As @Palaxin pointed out on trac some years ago (#3779), “currently animal stats are quite counter-intuitive” and need to be rebalanced (or overhauled).
As @ValihrAnt pointed out in a private message, animals are very hard to kill when using macemen.
As @DanW58 pointed out on the forums, some animals are simply too strong, especially lions, tigers, and wolves are frustrating for new players. Moreover, it's quite challenging to kill deer.
As @borg- pointed out here, spearmen are very poor at killing wild animals.
This patch does not attempt a proper rebalance of all animals, but addresses the most glaring problems by making the following changes:
- Animals inherit their resistance from template_unit.xml, which has a crush resistance of 15. This is changed to 1. Other units are unaffected by this, because the other template_unit_* templates already set different resistance values.
- The dog, elephants, hippopotamus, and walrus had different resistance values; those are purged, to make comparing them by health easier.

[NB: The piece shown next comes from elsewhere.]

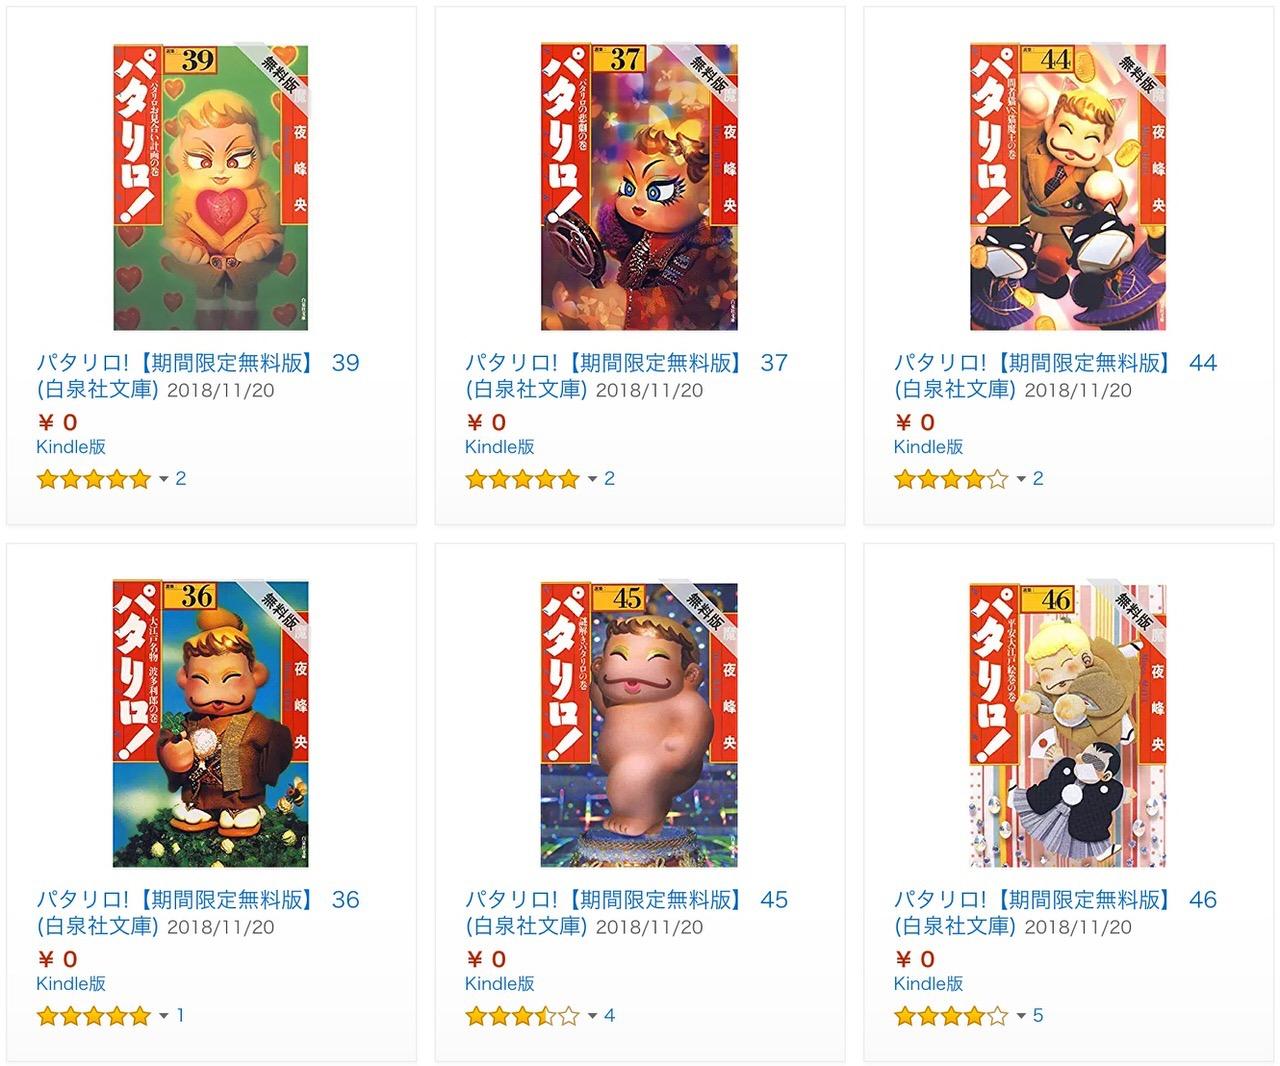 【Kindleセール】パタリロ1〜50巻が期間限定無料!100巻発売記念「パタリロ!」100×100フェア!(11/21まで)

- The tiger has its hack damage removed, keeping it more dangerous than the lion, but not as excessively as it used to be.
- The wolf has its attack time doubled. The template_unit_fauna_wild_aggressive_wolf.xml file is deleted and its attack lines are simply inserted into fauna_wolf.xml, because that was its only child, so maintaining two files is unnecessary.
- The walrus has its attack time doubled.
- The Health node is moved out of template_unit_fauna_hunt.xml etc. for clarity and consistency, making it easier to compare and tweak individual animals.
- foxes have their health reduced to 20, dogs and wolves to 40, lions and tigers to 50;
- bull has its health raised to 150 (same as cattle), rhinoceros to 160, walrus to 120;
- giraffe health was lowered to 80 (from 150), deer and gazelle to 25, piglet to 15, rabbit to 5.
Furthermore, D3301/rP24527 differentiated domestic animals, giving all of them different values, but with the same food cost to food supply ratio, though with bigger animals having better food to time ratios. However, the goat's values were rounded up from 75 to 80, which resulted in it being slightly more time efficient than the (larger) sheep, contrary to what was intended. This patch lowers it to 70, making the goat cheaper but slightly less time efficient than sheep.